As one example, in California, the Air Resources Board (ARB) states that job losses in low-intensity industries will be more than offset by job gains in high-intensity industries. Their definition of "job intensity" is such that a major power plant that burns natural gas (and has few employees per unit of production, kWh electricty) has a very low job intensity. In contrast, a wind power farm with hundreds of windmills has a high job intensity due to the greater number of employees required to service and repair the windmills. This is a two-fer for the greenies, as evil carbon is not emitted, and more people have a job.
Yet, just a few decades ago, it was patently obvious that high labor cost was a hindrance to economic efficiency. To name just a few fields, bookkeepers were quite common before the computer age, but automation now does the job. Automated factories require far fewer employees than did the older, manually operated factories.
The green power revolution is said to cut jobs in traditional, fossil-fuel plants, and create many times the jobs in the green collar field.
This week saw a major announcement of job losses in the fossil-fuel plants, as Sunoco announced the closing of an oil refinery in New Jersey with the loss of 400 permanent jobs and hundreds more independent contractors. Should we wait to see the announcement of what, 3 times that number of green jobs? That would be roughly 1500 to 2000 more green jobs if the greenies' jobs-math is correct. One must wonder (as I certainly do) just how long is required for those 1500 to 2000 new green jobs to appear, and those displaced workers have steady paychecks again. Will that be by Christmas, so everyone has a merry Christmas? I doubt it.
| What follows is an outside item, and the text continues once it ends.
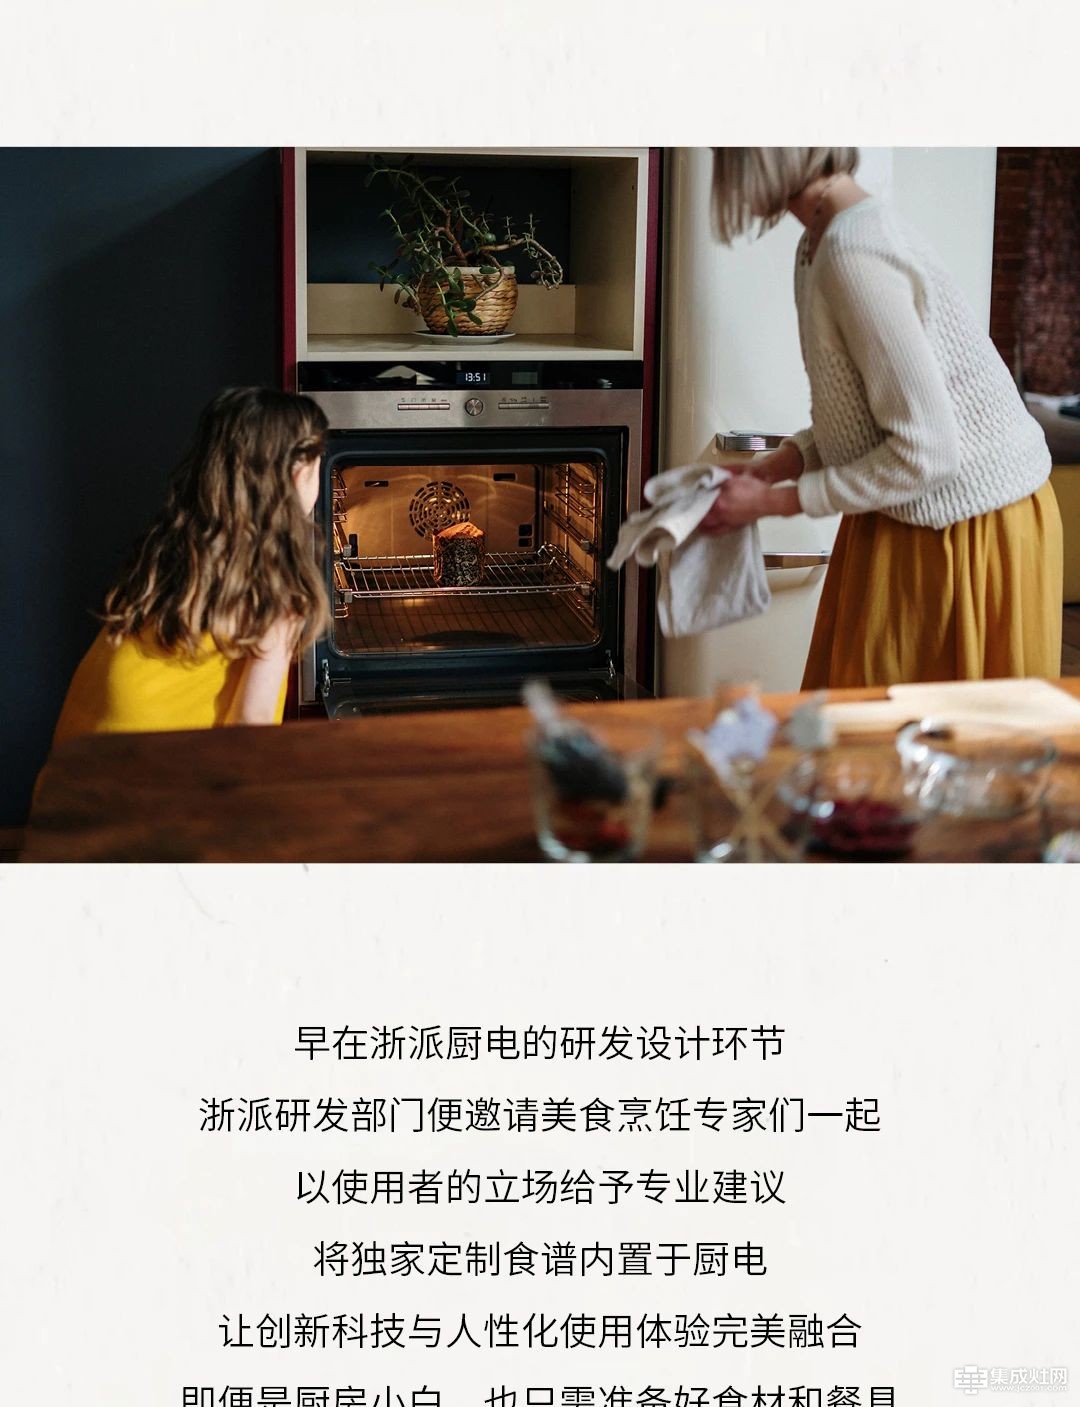 浙派现代系列 “食”尚厨房 悦享烹饪

The closure of the Sunoco refinery also plays into the Grand Game - the world-wide competition to provide energy. New refineries are under construction world-wide, and a couple of major expansions are underway in the U.S. India started up a very large refinery almost a year ago, and is exporting the products, some of which are imported by the U.S. Excess refining capacity drives down the price of petroleum products - this is basic economics - and that encourages greater consumption. More and more refineries will close, especially those that are smaller and inefficient compared to the larger and modern refineries.
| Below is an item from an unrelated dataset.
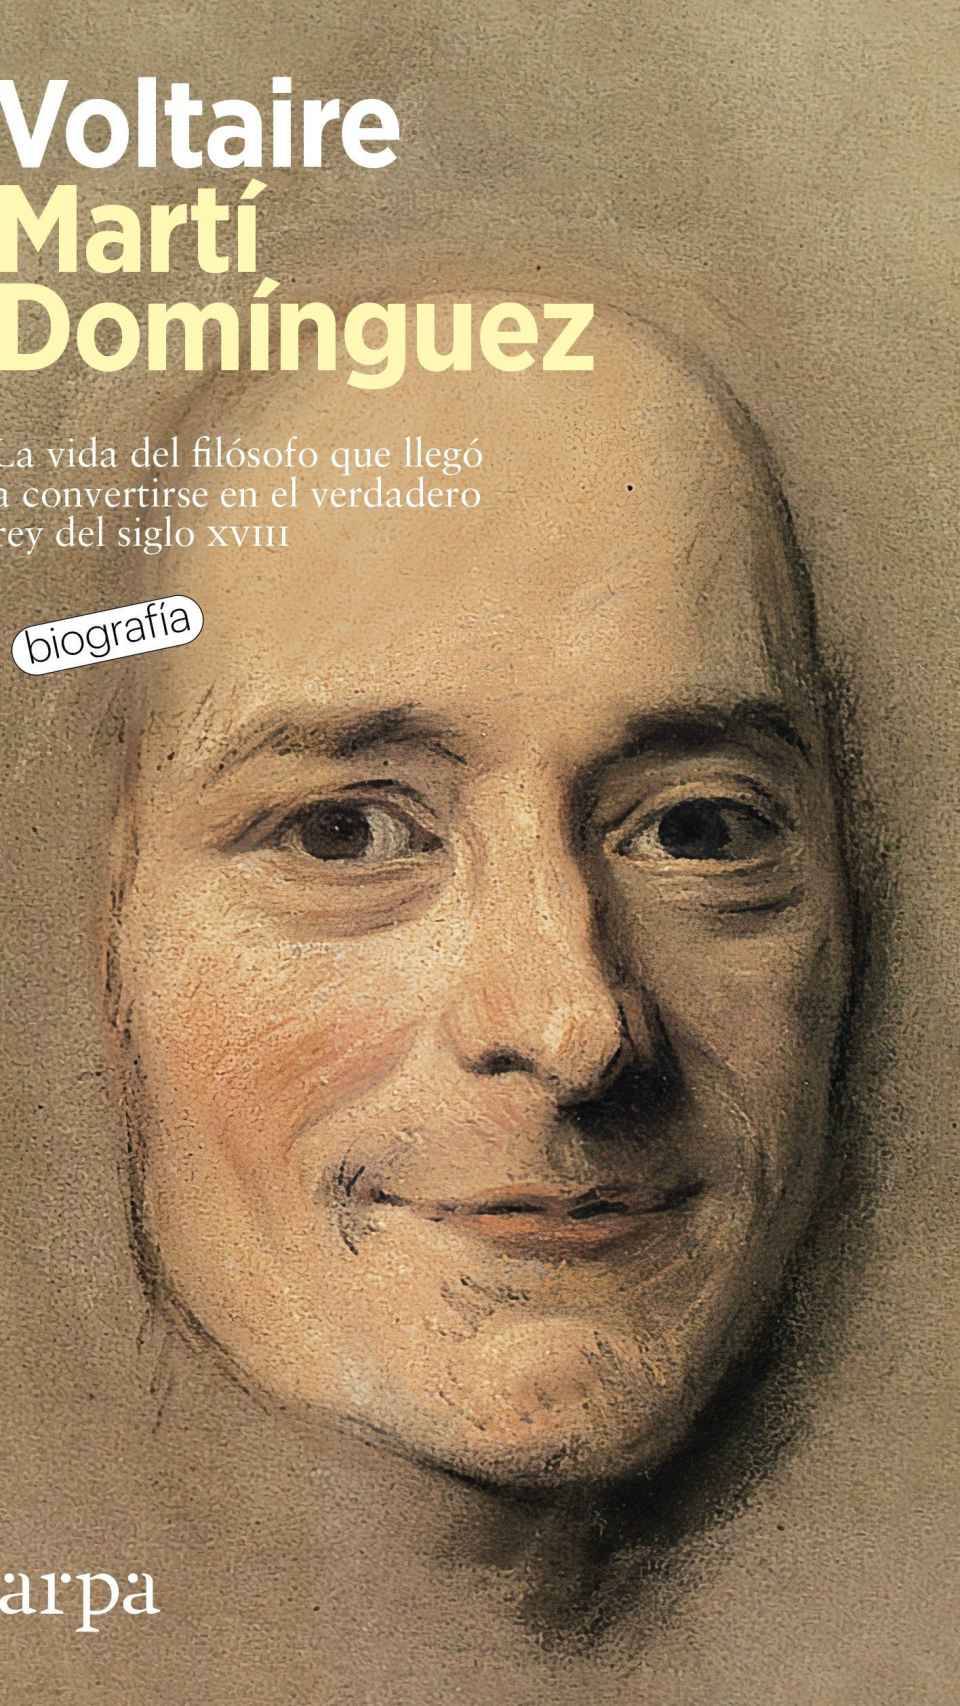 La biografía de Voltaire de Martí Domínguez

As petroleum prices decrease, the economic incentives for renewable power plants also decrease. Hybrid electric, and pure electric vehicles have an initial cost premium that is supposed to be offset by the fuel savings - but only if petroleum fuels are sufficiently costly. At this time, the additional $3 to $4 thousand premium for a hybrid vehicle is simply not a wise investment.
Obama's Cash for Clunkers program accelerated the purchase - distorted the market - of high-miles-per-gallon vehicles and the (literal) destruction of older, gas guzzling cars. Thus, the demand for gasoline is lower than it otherwise would be, the gasoline price is also lower, and refineries in the U.S. are shutting down. Yet, now the automotive companies see fewer customers following the Cash for Clunkers fiasco, as a person with a new car will not likely set foot in a car dealership for several years.
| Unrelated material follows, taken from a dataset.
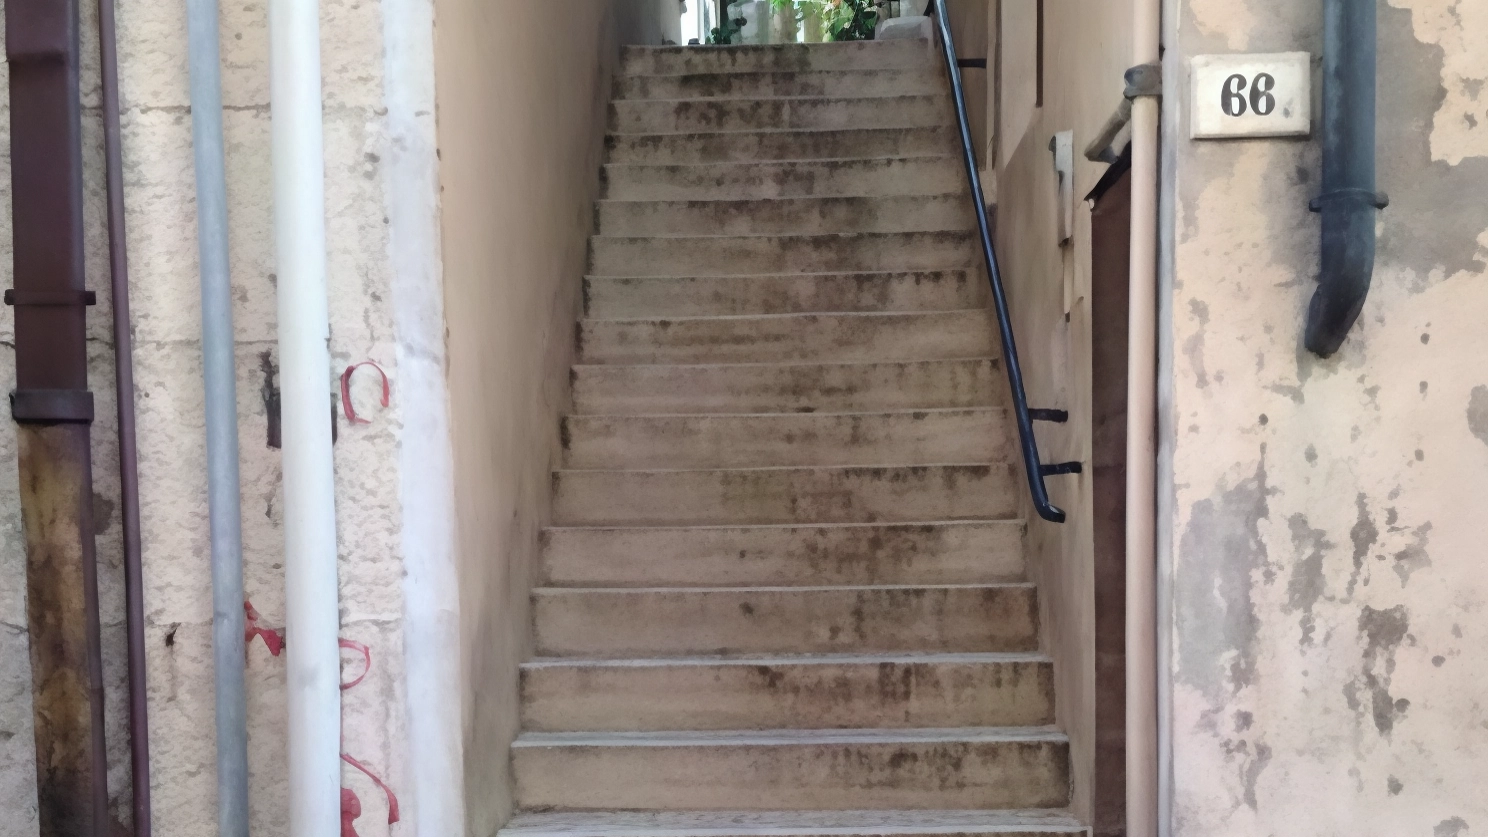 Via Birarelli, ecco la scalinata che godrà di nuova luce. Il cantiere è ormai concluso

And so it goes in the Grand Game. Hybrid cars that are not worth the price, oil refineries shutting down, fossil-fuel workers out of work, renewable power plants stagnating due to low economic incentives, and oh yes, crops barely beating the killing freeze this year to provide raw material for the bio-fuels industry. Who knows what the summer of 2010 will bring in that arena.
One wonders if the farmers will be asked to hire more workers as green jobs, and park the tractor in the barn. We tried that for centuries, using manual labor on farms. Those are exhausting, monotonous jobs that paid very low wages. Still, they are green jobs. There are approximately 700 newly-jobless workers in the New Jersey area. Does anyone think that farmers will hire any of them?